The prior probabilities ${{\rm{\pi }}}_{{\rm{i}}}=\{{{\rm{q}}}_{1}={{\rm{s}}}_{{\rm{i}}}\}\,\,$are the probabilities of ${{\rm{s}}}_{{\rm{i}}}$ being the first state of a system or seeing the first real state ${{\rm{s}}}_{{\rm{i}}}$ as P(${{\rm{s}}}_{{\rm{i}}}$| ${{\rm{s}}}_{0}$). Collected in a vector ${\rm{\pi }}$ and the ${{\rm{s}}}_{{\rm{i}}}$ coordinates of ${\rm{\pi }}$ should be interpreted as the initial state of the system.
The transition probabilities matrix (A) are the probabilities to go from state $i$ to state $j$ at time $t$: ${{\rm{a}}}_{{\rm{i}},{\rm{j}}}=$$p({{\rm{q}}}_{{\rm{t}}+1}={{\rm{s}}}_{{\rm{j}}}|{{\rm{q}}}_{{\rm{t}}}={{\rm{s}}}_{{\rm{i}}})$. The prognosis or the course of a disease can be specified by the transition matrix A. The transition matrix consists of ${{\rm{a}}}_{{\rm{i}},{\rm{j}}}$ that denote the conditional probability or the rate about the system transitions from ${{\rm{s}}}_{{\rm{i}}}$ to ${{\rm{s}}}_{{\rm{j}}}$, whereas the probability of ${{\rm{s}}}_{{\rm{j}}}$ at time $t$ depends solely upon on ${{\rm{s}}}_{{\rm{i}}}$ at time $\,{\rm{t}}-1$. In our proposed system transition probabilities consist of a square matrix of order m = 2 and must hold the following properties²⁴.

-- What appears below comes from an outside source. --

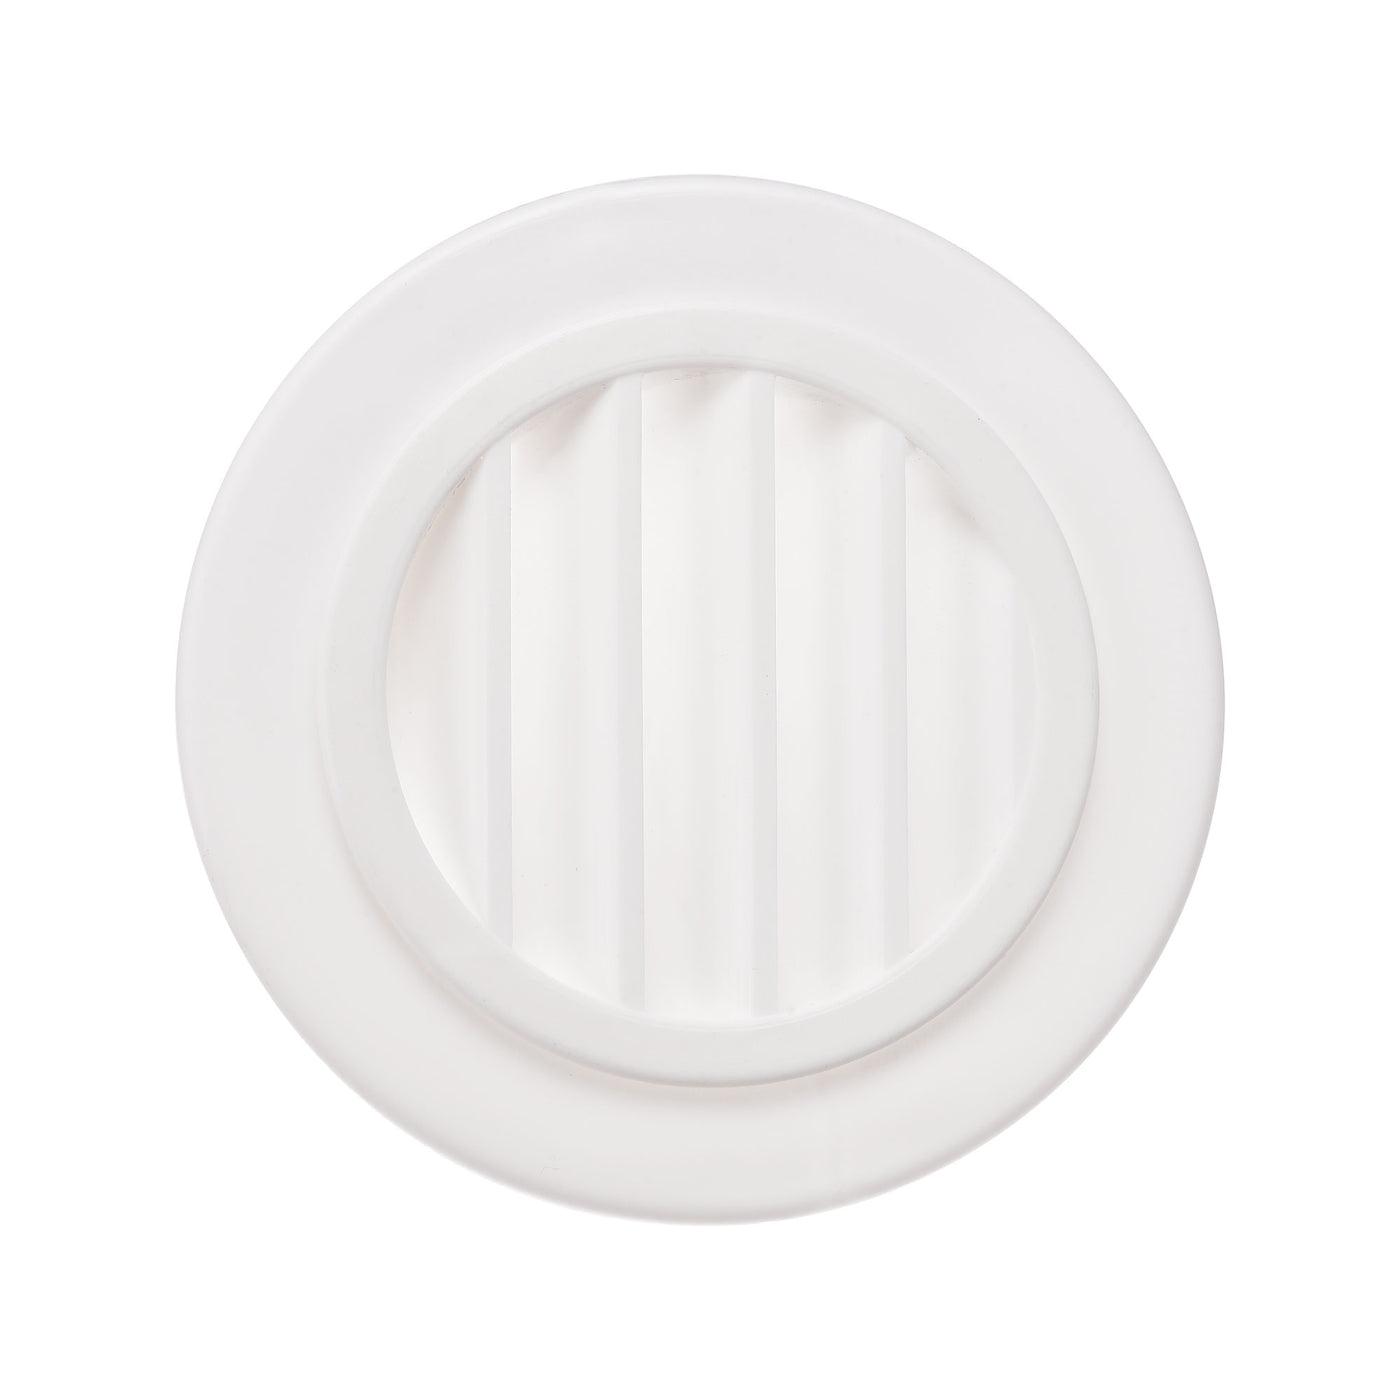 uxcell Uxcell Round Vent Cover, PP Plastic Detachable Air Vent Exhaust Louver for 2.8" - 3.2" Diameter Hole
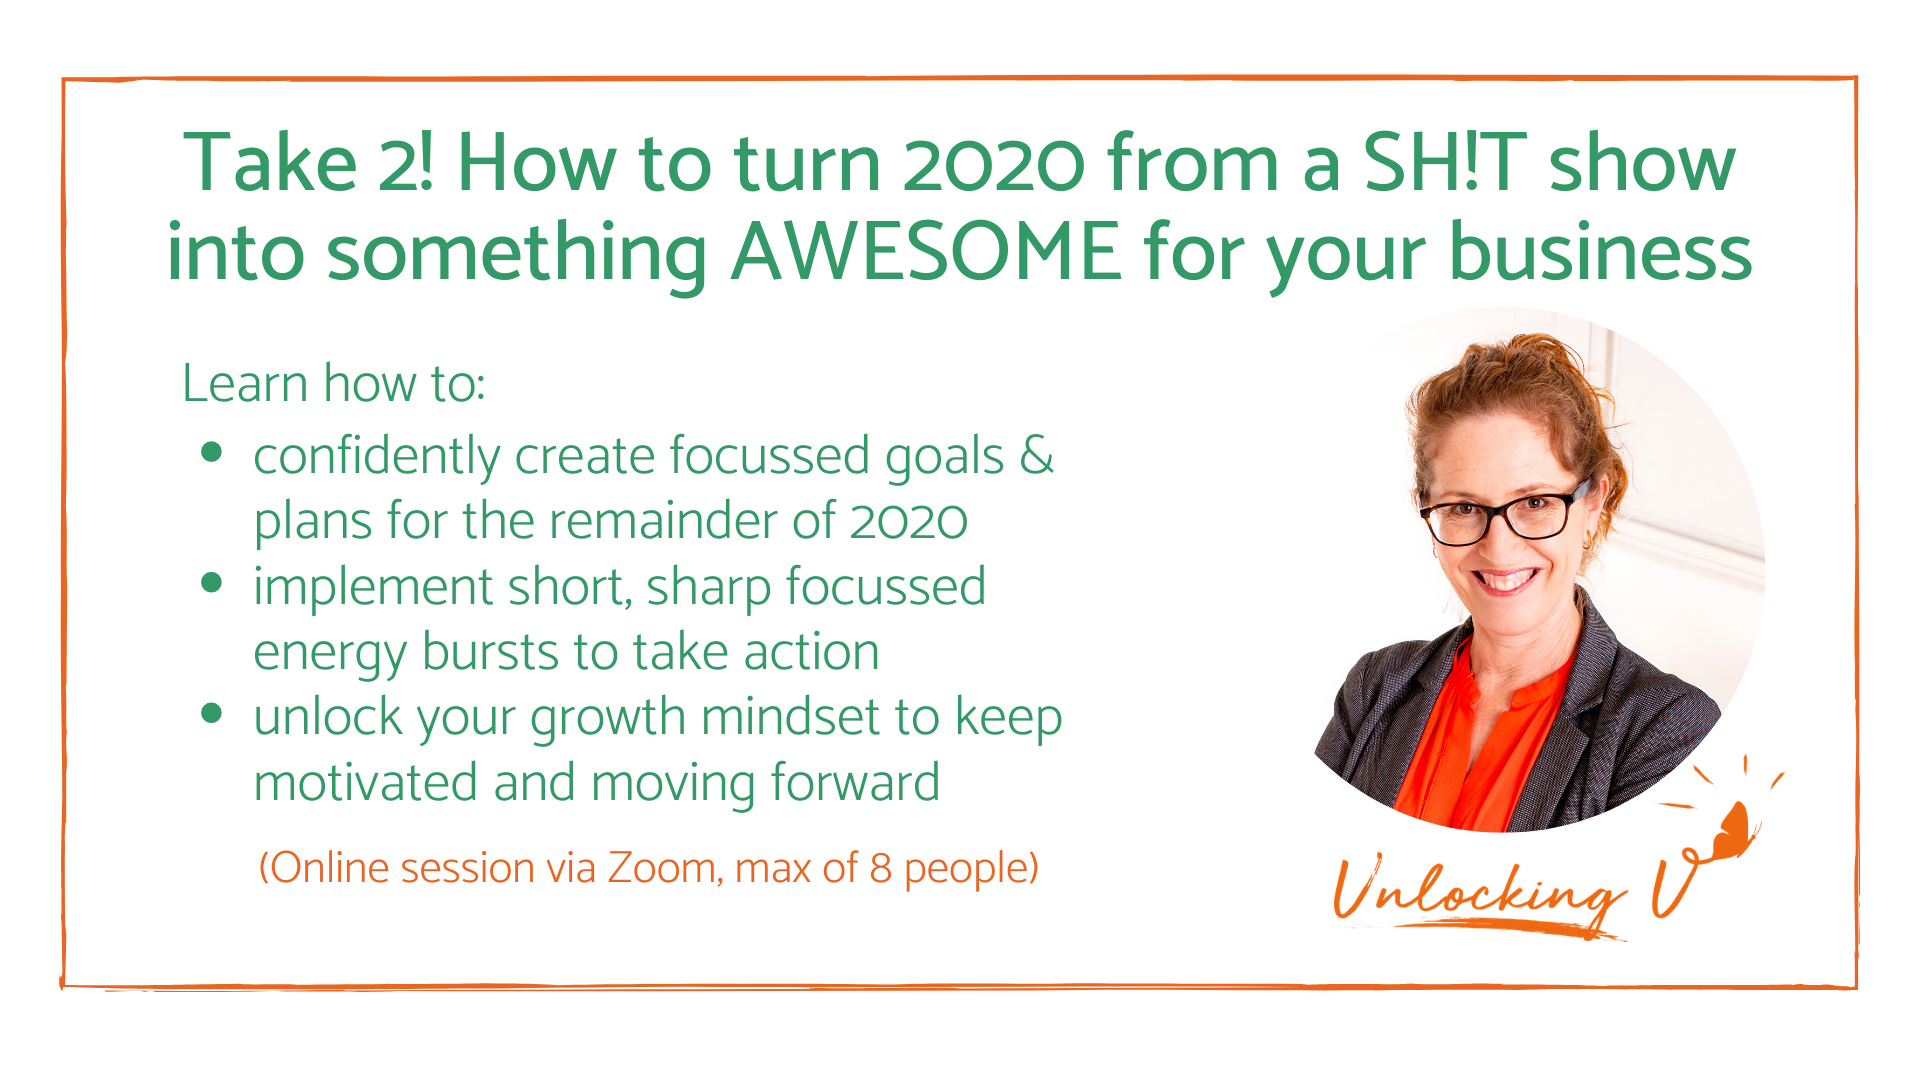 Take 2! How to turn 2020 from a Sh!tshow into something AWESOME!

$$0\le {{\rm{a}}}_{{\rm{i}},{\rm{j}}}\le 1\,,{\rm{i}},\,{\rm{j}}=1,2,3\ldots \ldots .{\rm{m}}$$

(1)

$$\,{{\sum }^{}}_{{\rm{j}}=1}^{{\rm{m}}}{{\rm{a}}}_{{\rm{i}},{\rm{j}}}=1,\,{\rm{i}}=1,2,3,\,\ldots \mathrm{..}{\rm{m}}$$

(2)

The emission probabilities matrix (B) characterize the likelihood of a certain observation ${{\rm{o}}}_{{\rm{i}}}$, if the model is in state ${{\rm{s}}}_{{\rm{i}}}$. The HMM we use involves observed variables ${{\rm{V}}}_{k}\,{\rm{and}}\,{\rm{K}}=1,2,\ldots .{\rm{n}}$,whereas n = 6, that are conditioned upon the hidden states at time t. The choice of observed variables used in this study is based on the FDRSM. The fundamental principle behind HMM is the estimation of an optimal hidden state sequence of a process using observed variables over time, whereas the observed variables have no one-to-one relationship with hidden states but are associated through the probability distribution.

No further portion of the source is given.